[lbo-talk] blog post: us versus them: laboring in the academic factory

michael yates mikedjyates at msn.com
Tue Oct 2 18:10:36 PDT 2012


Full at http://cheapmotelsandahotplate.org/2012/10/02/us-versus-them-laboring-in-the-academic-factory/

[Note: This was first published in Monthly Review in January 2000. It was based upon a talk I gave to teachers at Jamestown Community College in Jamestown, New York. Noted scholar of education, Henry Giroux, told me that he had recently re-read this and thought it prescient. So, here is an abridged and edited version for anyone interested in what we might call "the school wars." An added paragraph at the end provides some updates.]

Tales from Academe at the End of the Century

Consider:

1. Administrators at York University in Toronto solicited corporations to place their logos on online courses conducted by the University, for $10,000 per course.

2. City University of New York canceled most of its remedial classes. The University of Pittsburgh eliminated special programs for underprepared (and typically poor and black) students while beginning an honor’s college.

3. Several universities have cut lucrative deals with credit card companies, allowing them campus monopolies as credit purveyors. At one campus, the credit card company pays for student radio and television shows.

4. The so-called “University” of Phoenix, a private, for-profit virtual college, now has ninety-eight campuses in thirty-one states and enrollment of more than 55,000 students. “It has aggressively applied business strategies such as convenience, customer service, mass production, and corporate partnerships on its march across the country.” Phoenix has heavy-duty corporate customers, including Kodak, IBM, and GE and will be aggressively competing for the millions of adult students preparing for the multiple job changes former Secretary of Labor Robert Reich says we will all be making over the course of our working lives.

5. The California State University system was preparing to “hand control of its inter-campus computer and telecommunications system to a private consortia managed by Microsoft and its hardware allies, GTE, Hughes, and Fujitsu.” This privatization of public education was fueled by the same forces that have led to the privatization of all sorts of public services, from garbage collection to prisons to college food services and campus police.

6. Historian David Noble tells us that “Educom, the academic-corporate consortium, has recently established their Learning Infrastructure Initiative, which includes the detailed study of what professors do, breaking the faculty job down in classic Tayloristic fashion into discrete tasks, and determining what parts can be automated or outsourced. Educom believes that course design, lectures, and even evaluation can all be standardized, mechanized, and consigned to outside vendors. ‘Today you’re looking at a highly personal human-mediated environment,’ Educom president Robert Heterich observed. ‘The potential to remove human mediation in some areas and replace it with automation—smart, computer-based, network-based systems—is tremendous. It’s gotta happen.’”

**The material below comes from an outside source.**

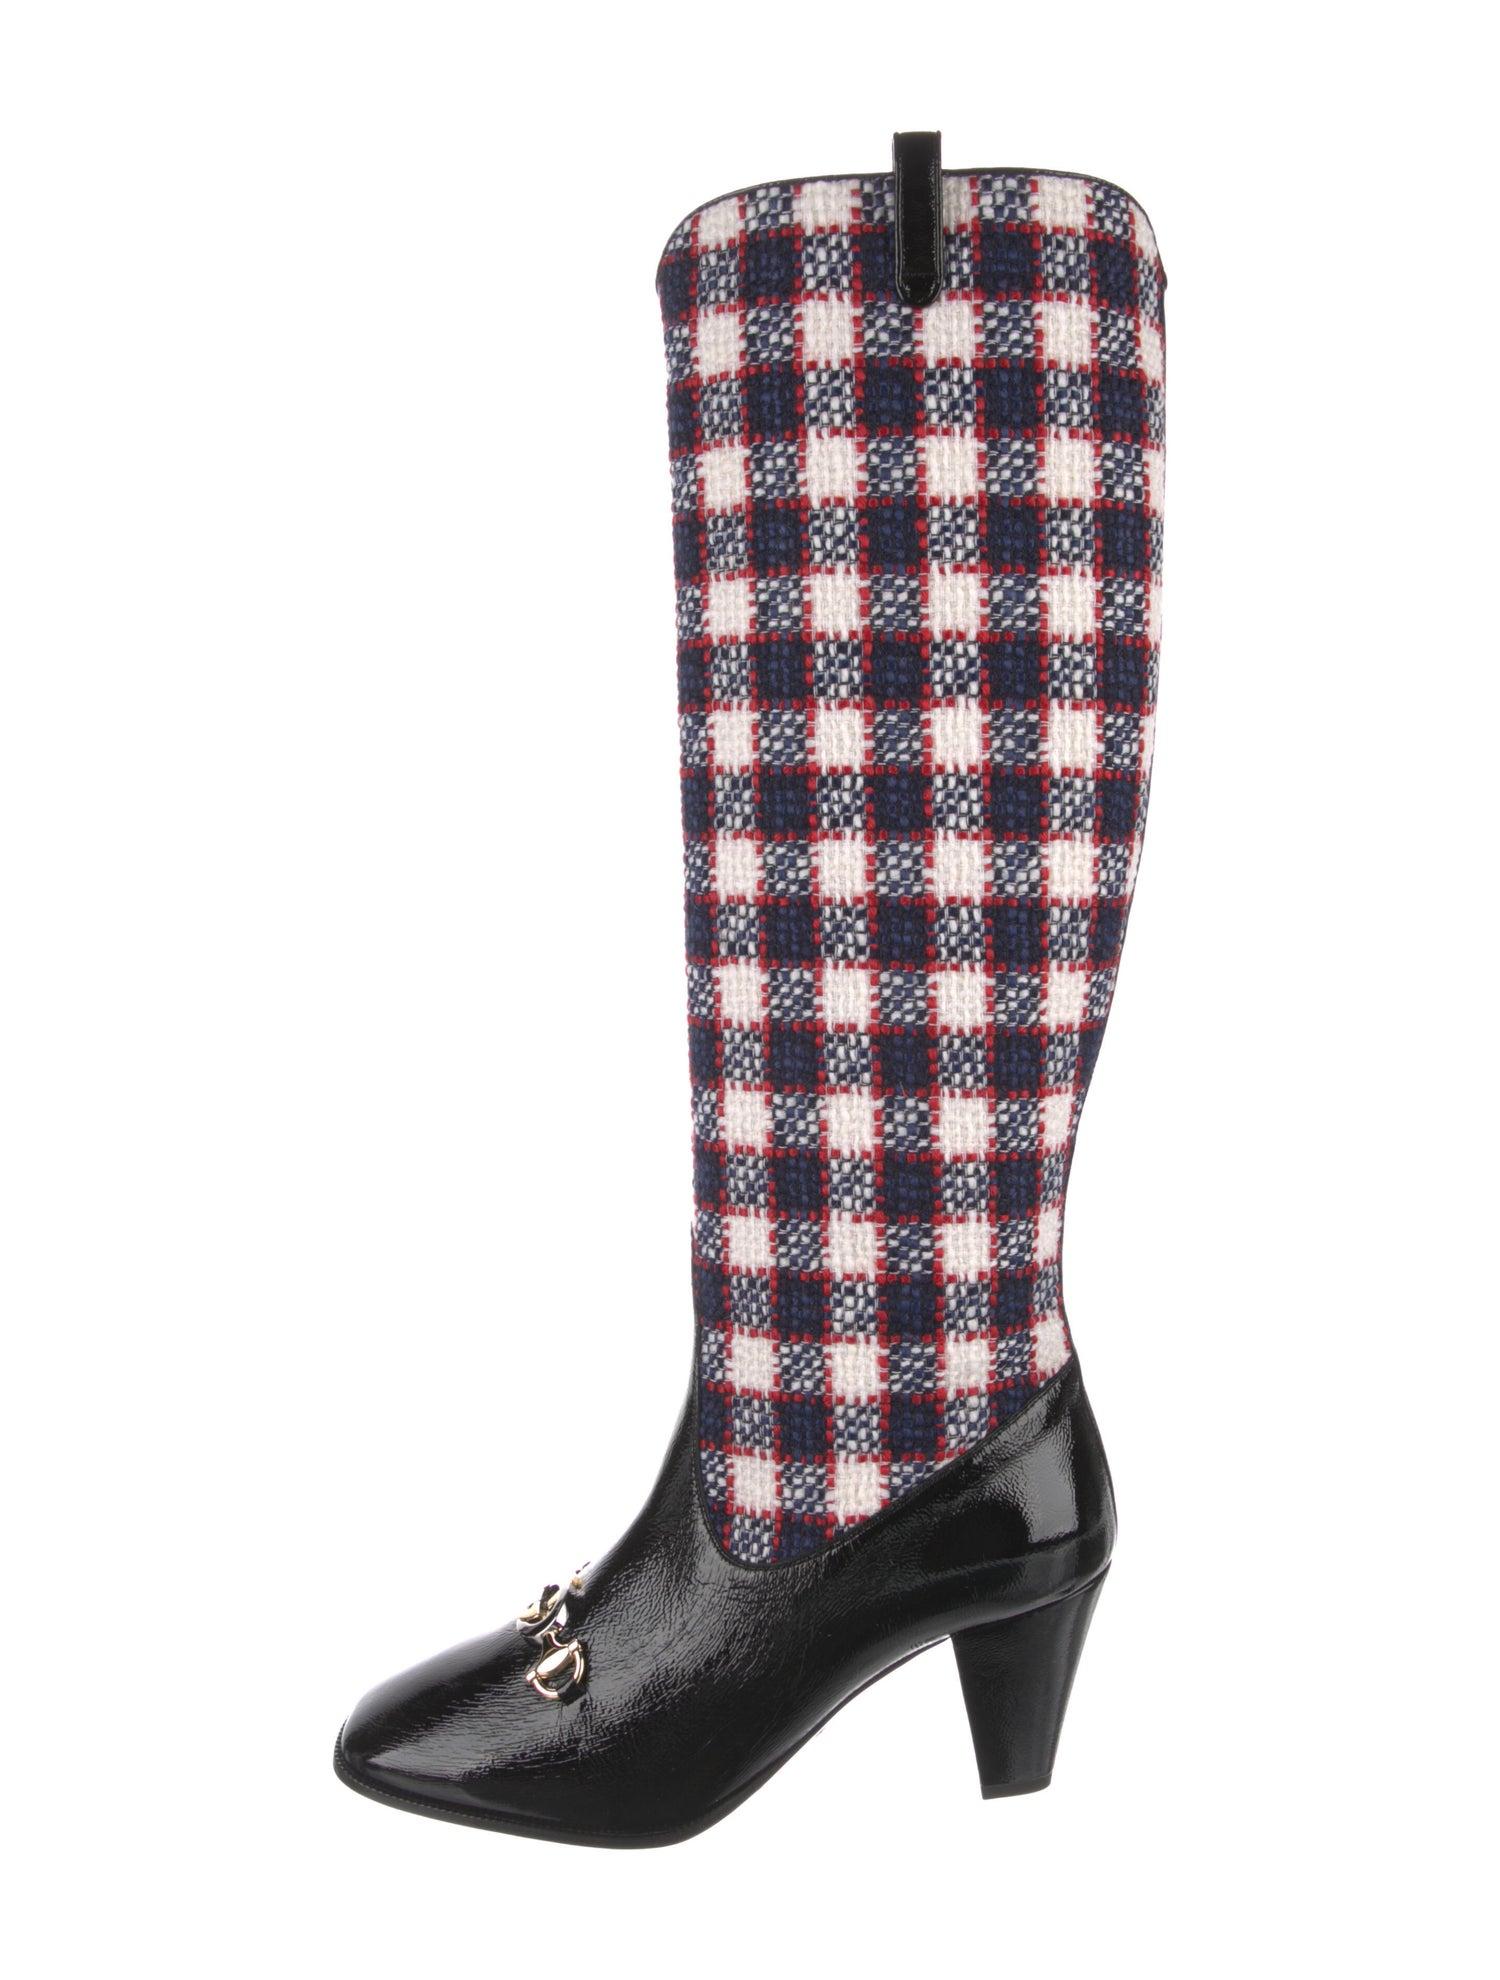 Women's New With Box Gucci 2019 Zumi Plaid Patent and Wool Boots Sz 39 For Sale

7. In Manhattan’s $229 per night (a special rate!) Millennium Broadway Hotel, a conference was held with the title, “Market-Driven Higher Education.” The blurb for this conference reads, “It’s Not Just Business, It’s Your Future: Is Higher Education for Sale? You bet it is. And everyone—corporations, non-profits, government agencies—wants a piece of it. How do you take advantage of market-driven education?” At this conference one could hear such luminaries as Benno Schmidt (former president of Yale and advisor to CCNY for Rudolph Giuliani) expound on such topics as “What the Market Wants,” and “The University Toolbox” (to discuss “creating for-profit subsidiaries, finding start-up capital, structuring deals, solving intellectual property problems, and more.”) Remarkably, the organizers of the conference tell attendees that you will “learn new ways of doing business, explore innovative deals and joint ventures, discover what funding sources want for their investment dollars, cope with resistance on the home front, and still retain your core values.” (Emphasis added)

8. In Silicon Valley; in Cambridge, Massachusetts; Dallas, Texas; and around the country, high-tech industries and their nearby universities are becoming more and more integrated, as faculty and administrators spin off businesses from publicly funded research and businesses brazenly use the universities as launch pads for new products and technologies.

9. According to the American Association of University Professors (AAUP), non-tenure track faculty now account for about half and part-time teachers 38% of all appointments in U.S. higher education. In community colleges the part-time ratio is 52%. The AAUP further reports that, “Some community colleges depend on poorly paid, non-tenure track faculty members to remain in existence. Many of these institutions have no tenure system and appoint only a few full-time faculty members to organize and supervise a large department of part-time faculty.”